The YWCA’s beaux arts building at 6 N. 5th St. has a splendid presence as it glides up the rise of its downtown street. Its purpose has evolved over mulitple decades, varying with the city’s diverse needs. But since the late 1970s, it has served as a safe haven for survivors of domestic and sexual violence.
Behind its stately façade, today’s YWCA also provides a head start for children's education (much evidenced by the pitter-patter pouncing of the children indoors). The building is now 100 years old and, as ever, is changing with the times.
The YWCA and its chielf executive officer Linda Tissiere recently announced a new and much anticipated renovation, one that will serve their clients better: An uplifting and revitalized group counseling room that opened just last month.
What was once a drab gray-green room riddled with institutional lighting and an impractical kitchen on the second floor, has been redesigned and remodled by Kat Liebschwager of Kat Liebschwager Interiors (KLI) and Mike Liebschwager of Ruth & Ollie.
Furniture and More
Walk into this transformed — and transformative — counseling room and your heart rate will drop. You’ll exhale with serenity. With a well-designed furniture plan, soothing yellow-beige and celadon color scheme, and flexible, moveable small and large furniture groupings, the room is now a place ripe with versality, quietude and function.
Pieces from high-end manufacturers like Vangaurd, Hickory White, Bernhardt, Mitchell Gold + Bob Williams and Kravet beautify and calm.
Mike and I counted custom seating for twelve. He and Kat cleverly achieved this with two large sofas; three oversized armchairs; two tête-à-tête chairs that can create a small room “divide;” movable end tables and a divinely conspicious, four-piece center pull-apart coffee table by Gabby. There are also decorative down-filled pillows, gentle water landscapes and thoughtfully placed tissue boxes. Oh, and an antelope-patterned rug by Helios Carpet that the staff can’t get enough of.
The room feels soft, beach-like and calm, something much appreciated by the counselors, women, children and families who use the space to work though difficult life experiences.
Design Makes a Difference
“If you have an appointment here with us the first step is often ridden with anxiety," says Carol Anne Lajoie, senior director of development and marketing at the YWCA. "Rooms like this go a long way to promote comfort, caring and sharing. Then the work can begin.”
One of the YWCA’s lead counselors, Shawntee Wynne, explained how the room has made a difference already. “The furniture is easy to move round," she says. “We can change it for on-on-one to group meetings.”

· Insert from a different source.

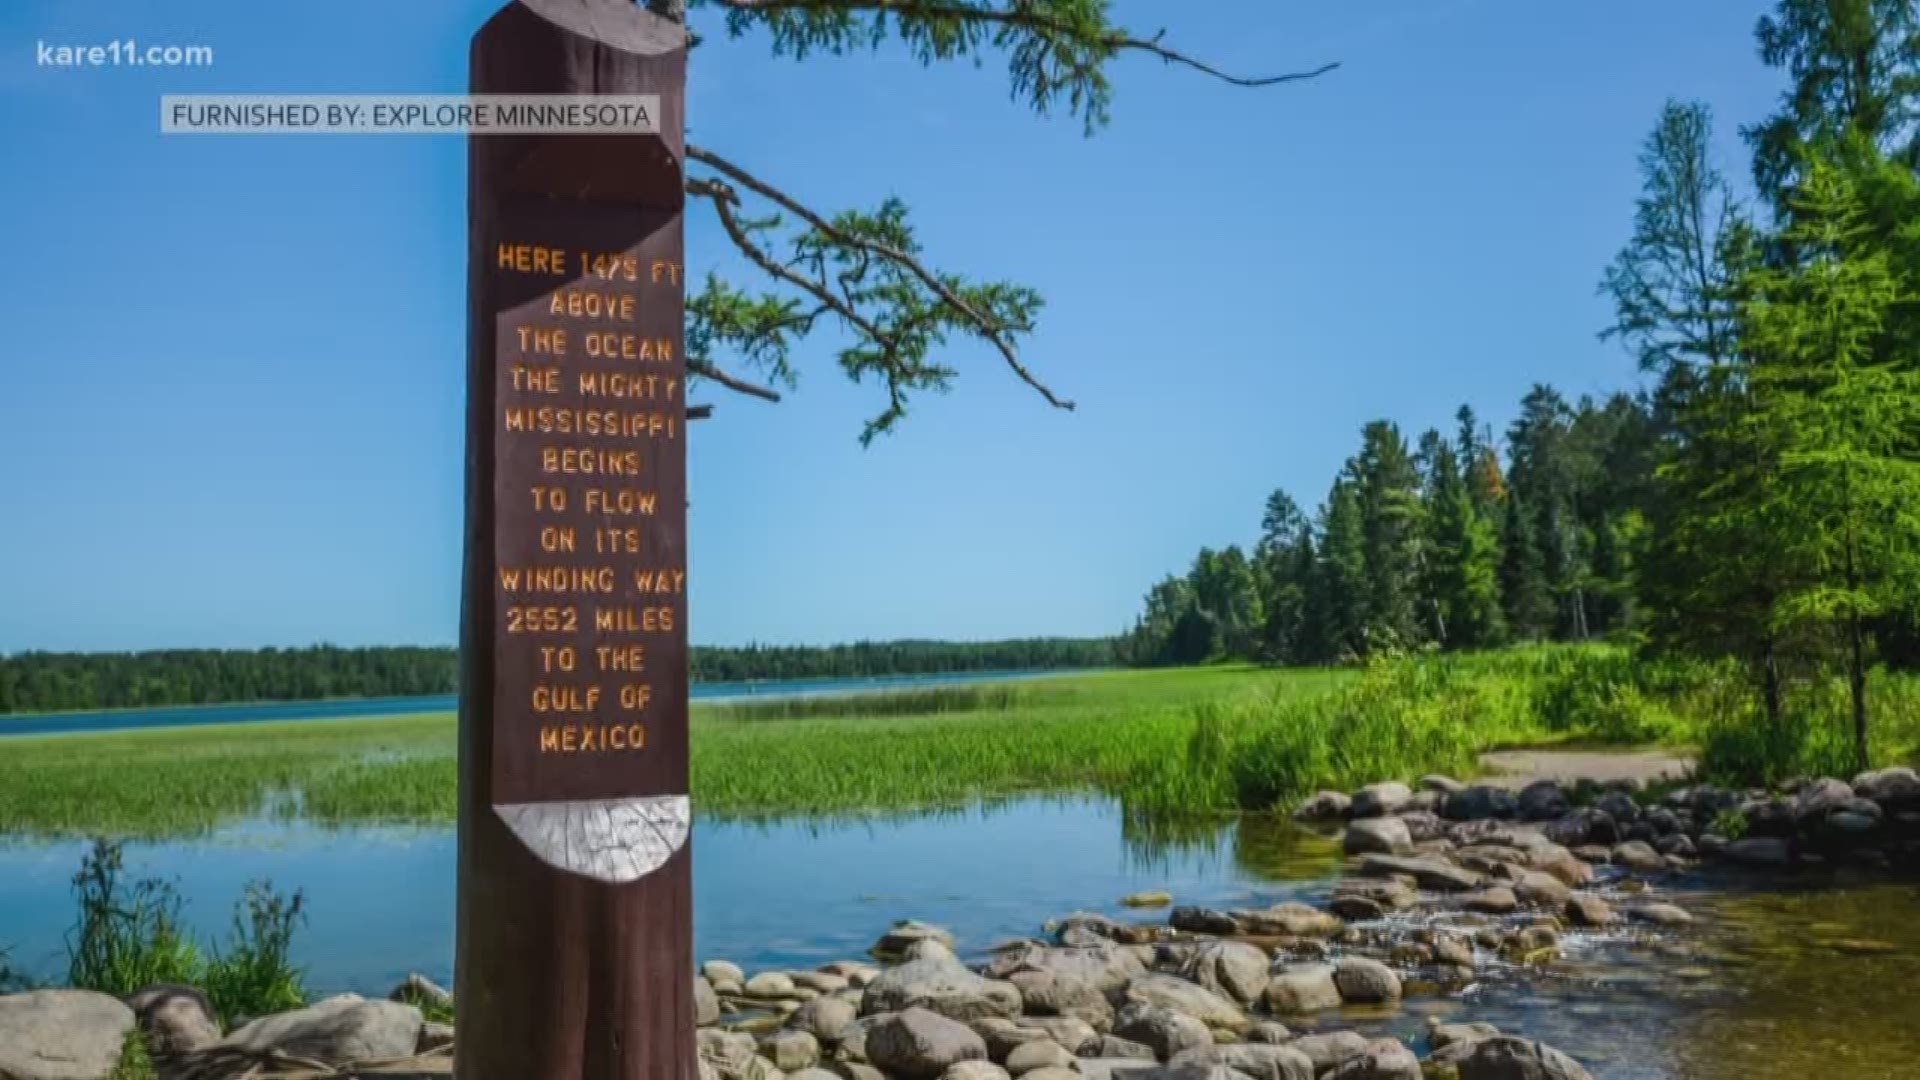 Explore Minnesota shares great places to see and things to do from border to border.

She also points out how the dated kitchen area has been replaced with a fetching white desk nestled into a narrow niche.
“Counselors typically have case loads of 18 to 25," Shawntee says. “Before the room was renovated, our offices were in shoebox-size closets. Now, when the room is not being used we can also take turns using the desk and bring in our computers. It makes a difference. We also have staff meetings there. It’s a treat.”
Giving Back
THe Greater Richmond YWCA provides thousands of hours of free counseling to survivors of domestic and sexual violence every year and that can take a toll. Creating a comfortable space that can be used by the YWCA’s clients, friends, staff and families goes a long way.
Nearly all of the items in the Group Counseling Room were donated, offered at discounts or funded by a special donor to spport the project.
The room is a gift of love and gesture of comfort to others.
Additional local trade donors who generously contributed their skill, time and materials to the room, include Andrew Norris & Associates, Raynor Painting and Sherwin-Williams Midlothian.